00:54:13   A gig of RAM, it really was a killer machine for the time.

00:54:17   And one that I still like the way it looks.

00:54:20   It's kind of busy compared to the aluminum that would follow.

00:54:23   Lots of different surfaces and colors and textures.

00:54:25   But I think it looks great.

00:54:27   And it was an inch thick.

00:54:28   And it just blew my mind at the time.

00:54:30   And looking back, it's sort of the grandfather for all

00:54:33   the notebooks that we know today.

00:54:35   It's also the ice cream sandwich school of design.

00:54:37   I remember that was introduced.

00:54:40   We were waiting for a G4 to be in a PowerBook.

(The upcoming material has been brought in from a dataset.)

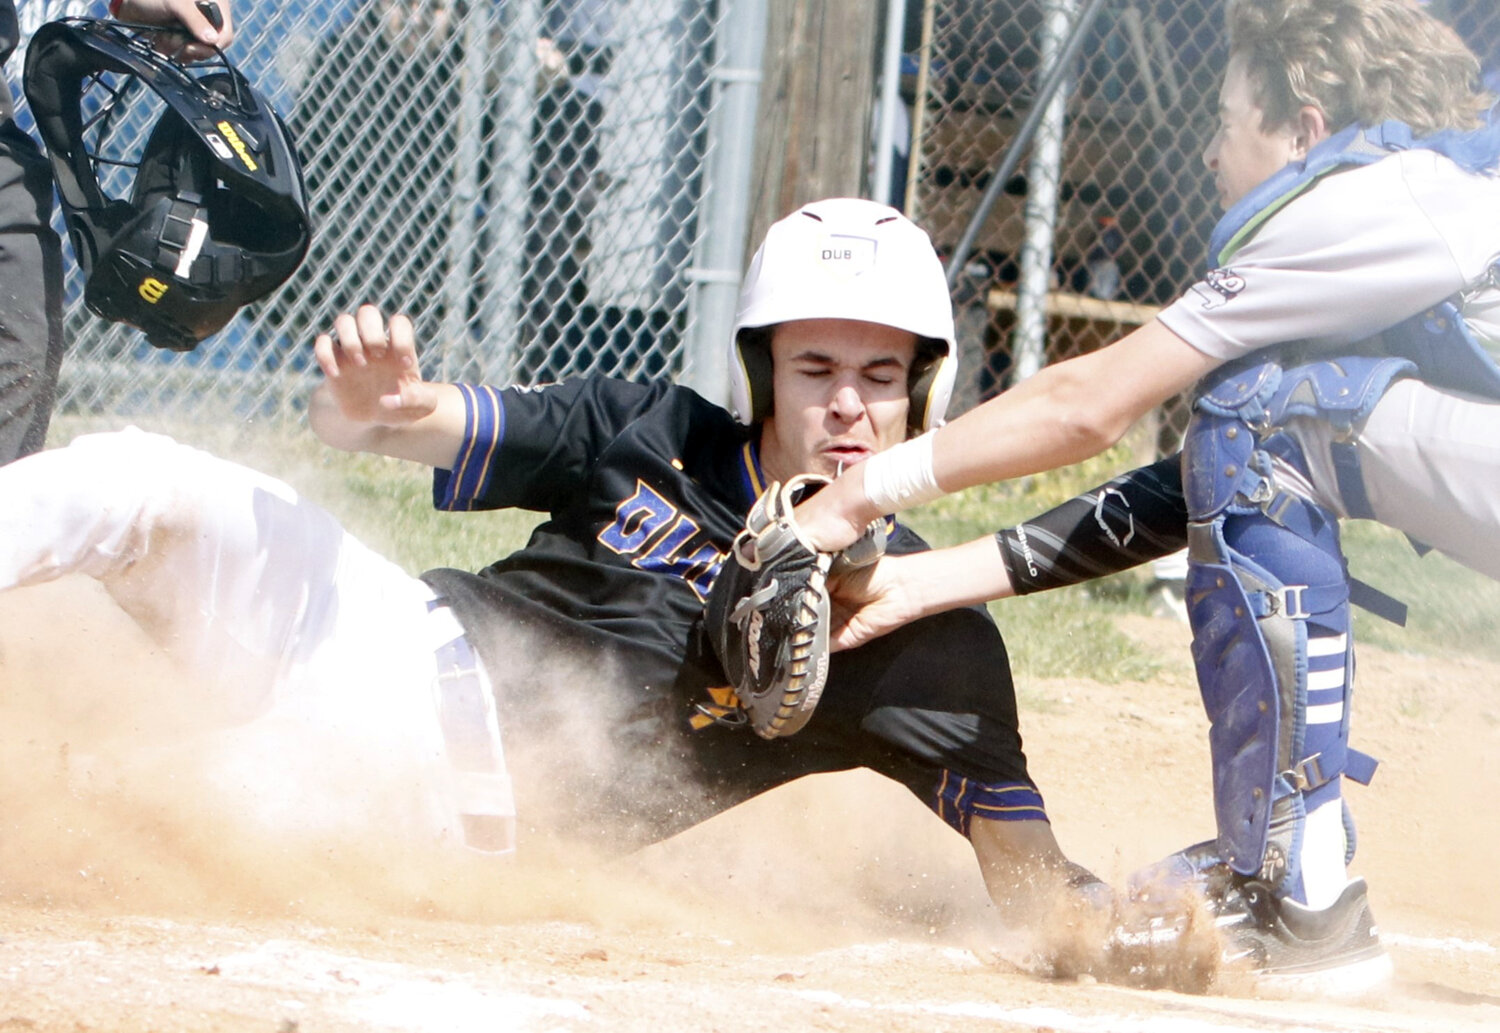 Jake Mitts slides into home plate during last week's game. Mitts was called out on the play.

00:54:44   And then when it was introduced, and they showed the side view,

00:54:46   and it was like one inch thin, or whatever the marking thing was,

00:54:49   people gasped.

00:54:50   It was like, A, maybe they're going to put a G4 in there,

00:54:53   but that's going to be really hard.

00:54:54   And B, the fact that it got thinner,

00:54:55   we weren't used to that at that point.

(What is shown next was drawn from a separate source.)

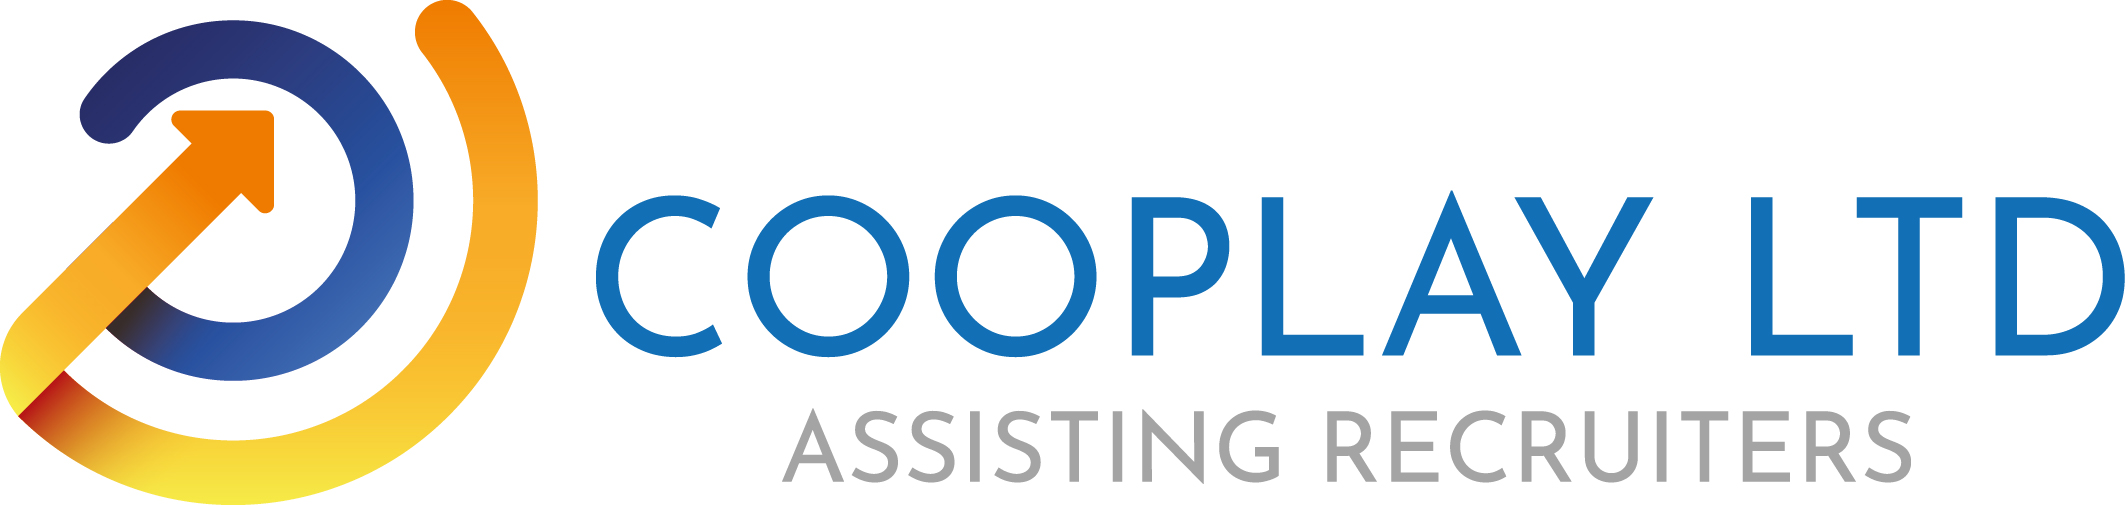 Cooplay – Assisting Recruiters

00:54:57   Apple-- I mean, we should have been.

00:54:58   I don't know if this was before or after the Nano,

00:55:00   but it was like a mini to Nano transition.

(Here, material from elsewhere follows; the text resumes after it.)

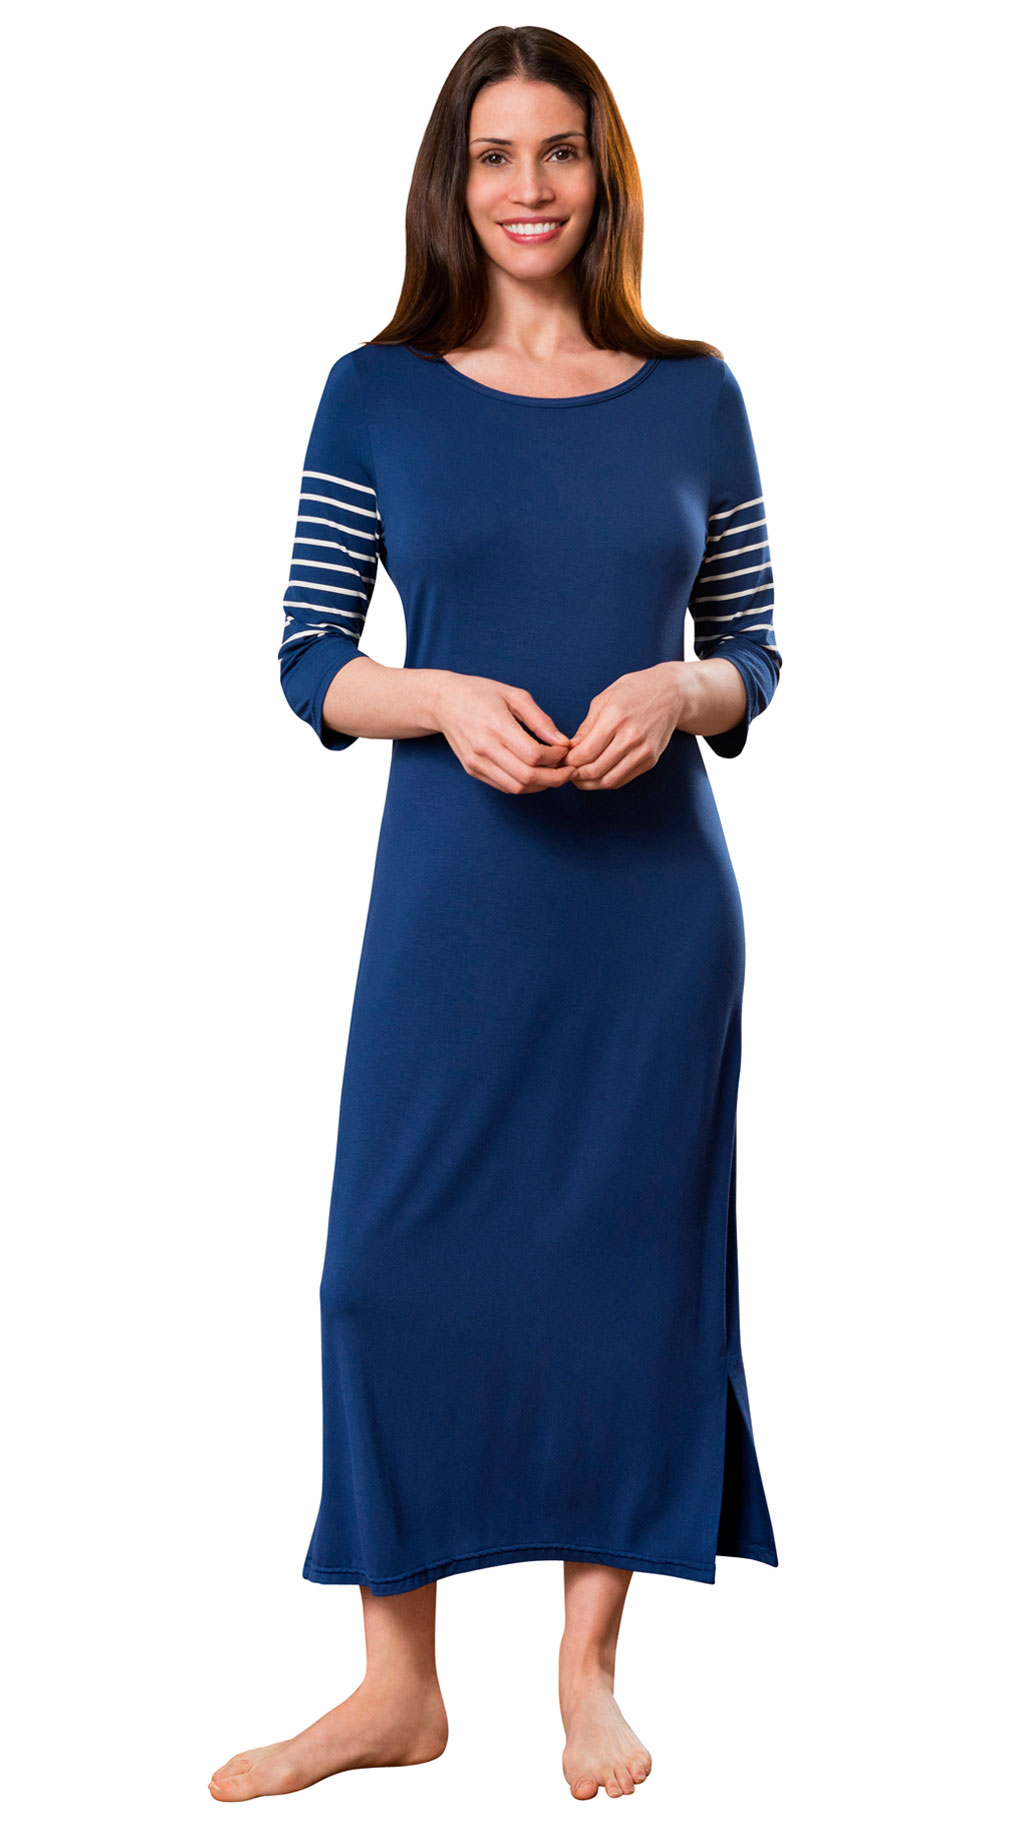 long sleeve nightgown with blue stripes

00:55:02   This is the best, fastest computer

00:55:03   with this amazing SuperDrive thing in it,

00:55:05   and it's incredibly thin.

00:55:07   That computer was shocking.

00:55:08   It was one of the first sort of future tech,

00:55:11   kind of like the MacBook Air.

00:55:12   Like, you can't make a computer like that.

00:55:14   Right.

00:55:14   Pretty amazing.

00:55:15   Yeah, it was before the mini effect.

00:55:18   It was, I think, as I stall to look this up,

00:55:22   I think it was before even the original iPod.

00:55:25   I mean, this was early days.

00:55:26   It was 2000.

00:55:27   And yeah, I love the Wall Street and successors

00:55:31   that were those first really kind of like redesigned

00:55:34   Steve Jobs era Power Books.

00:55:35   But they were still big plastic blobs.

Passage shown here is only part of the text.